(Records excerpted from a collection)
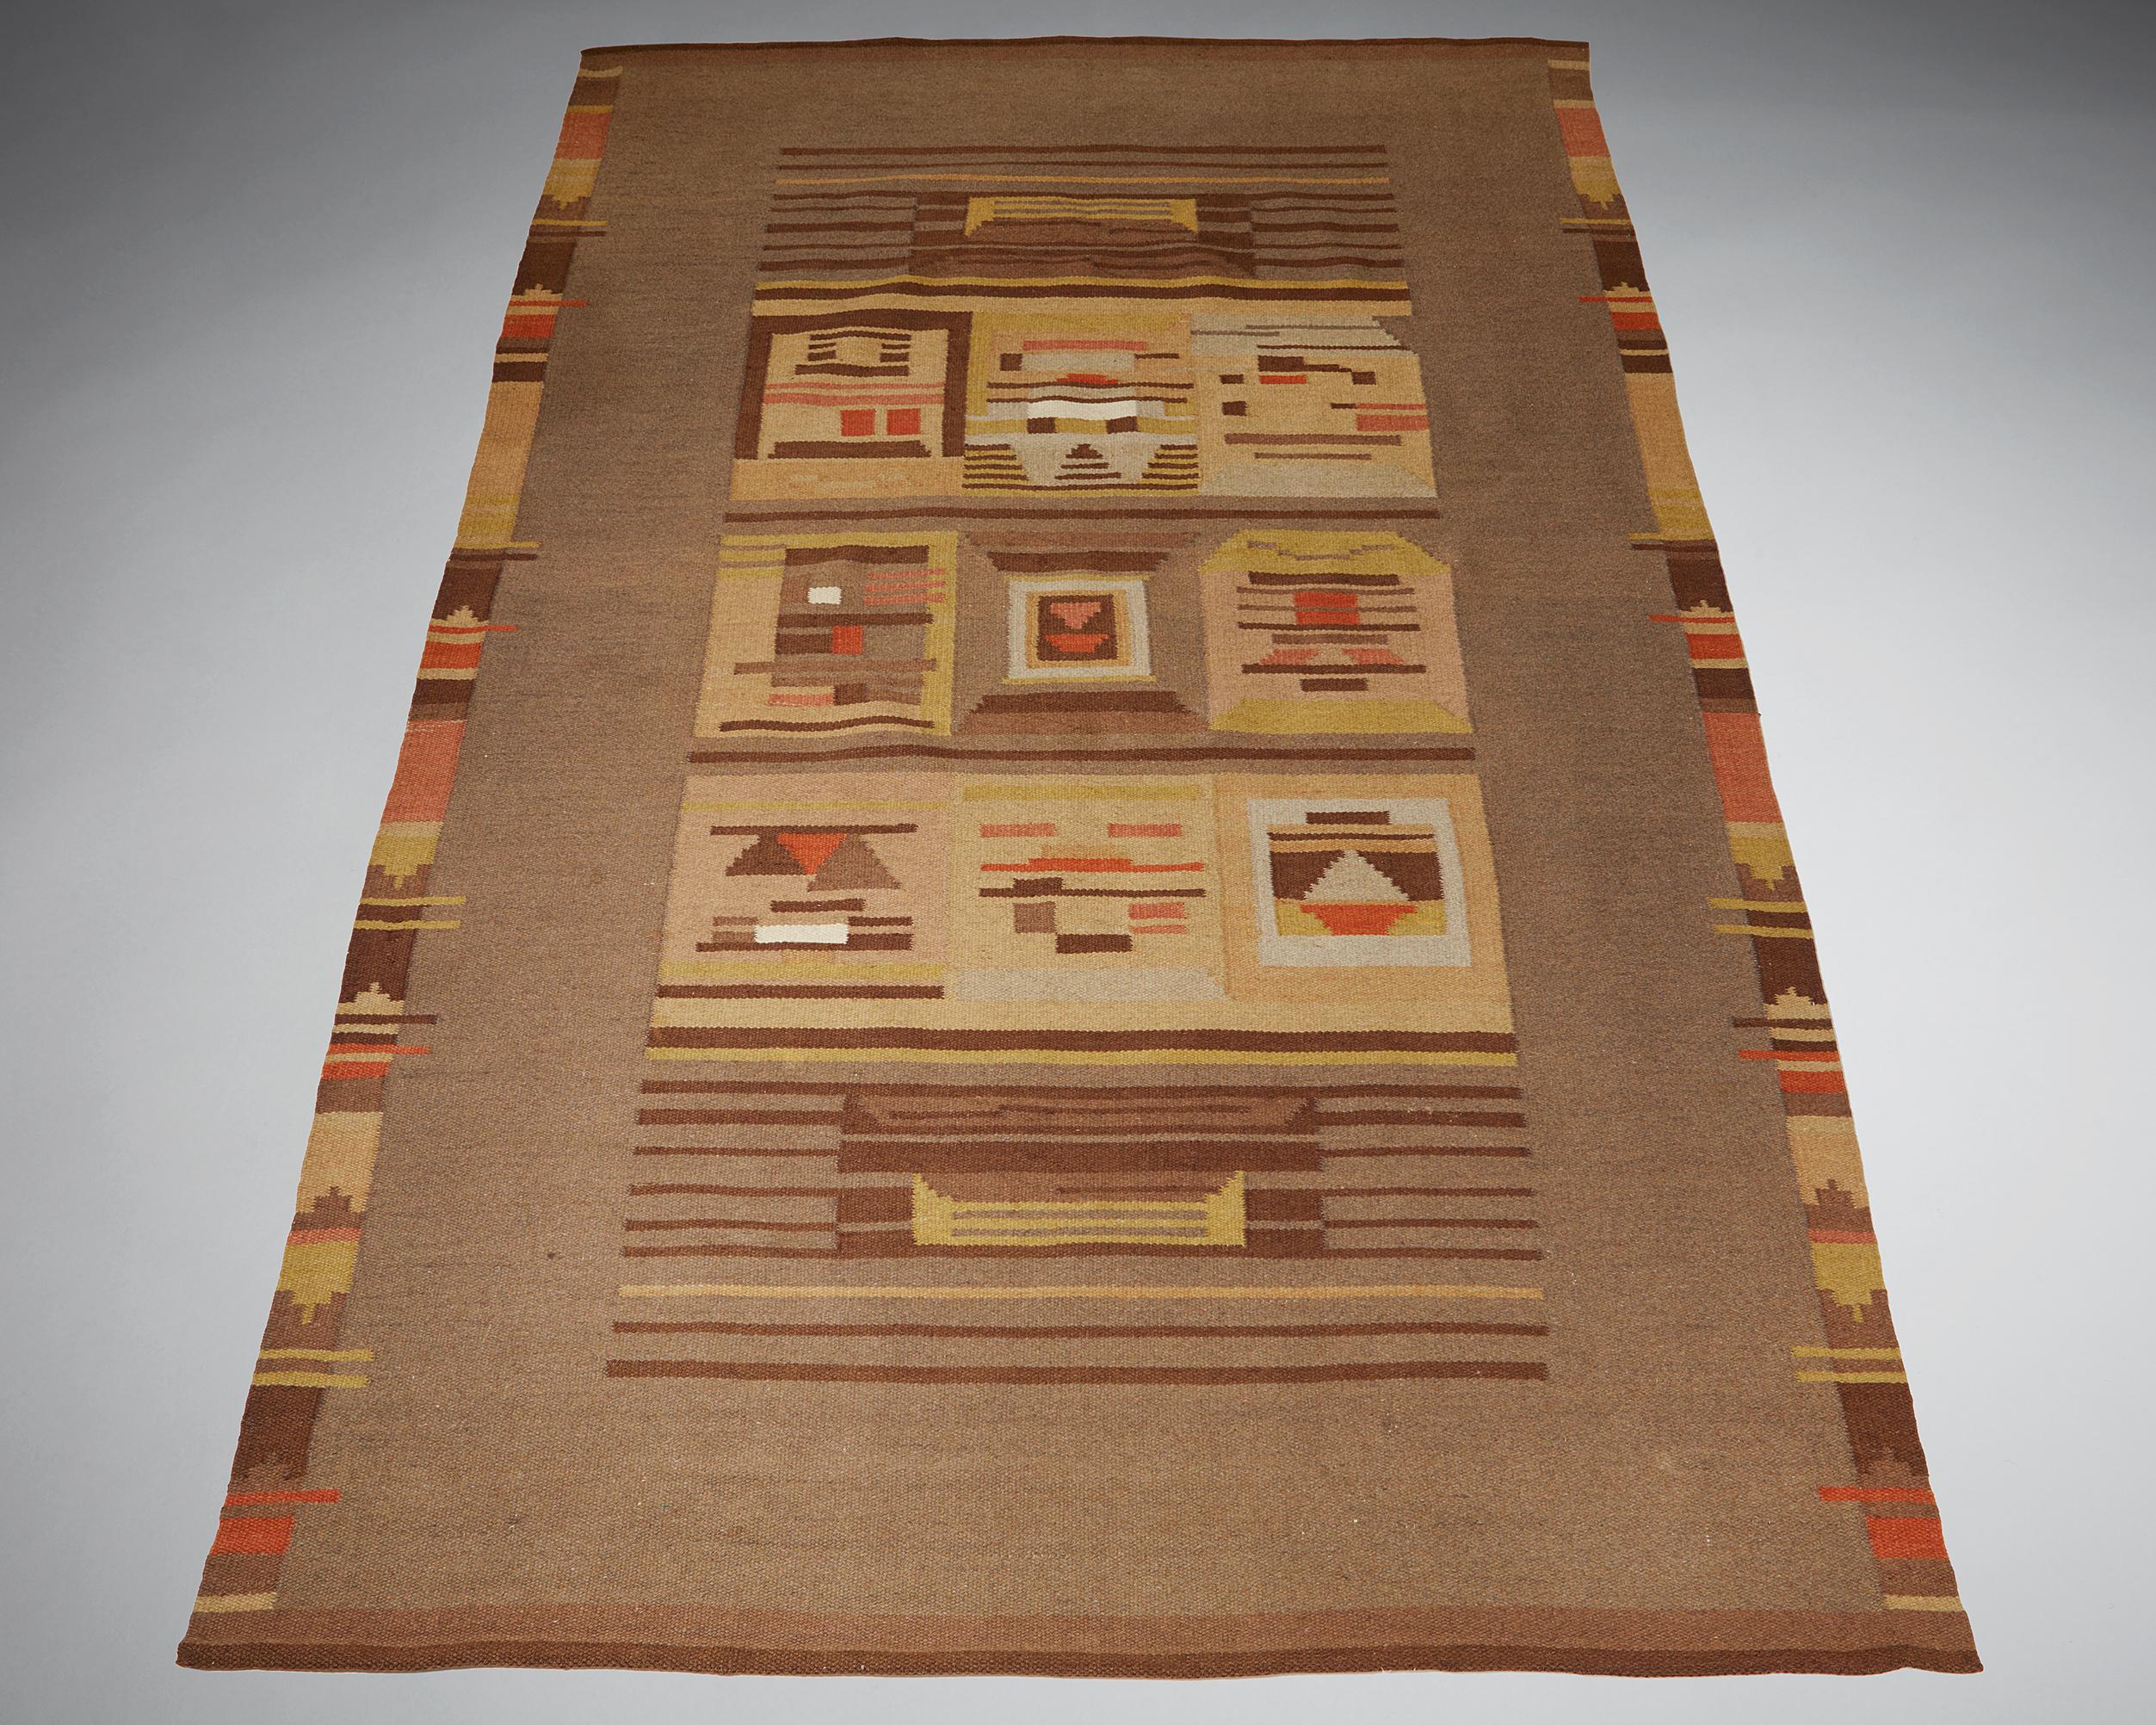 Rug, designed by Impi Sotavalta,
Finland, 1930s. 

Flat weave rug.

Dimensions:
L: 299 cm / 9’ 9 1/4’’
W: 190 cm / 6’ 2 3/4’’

■ **INSTRUCTIONS TO FOLLOW**
Transcribe the data exactly and leave no picture in the copy.

■ **EXERCISE OUTPUT**
 Rug, designed by Impi Sotavalta,
Finland, 1930s. 

Flat weave rug.

Dimensions:
L: 299 cm / 9’ 9 1/4’’
W: 190 cm / 6’ 2 3/4’’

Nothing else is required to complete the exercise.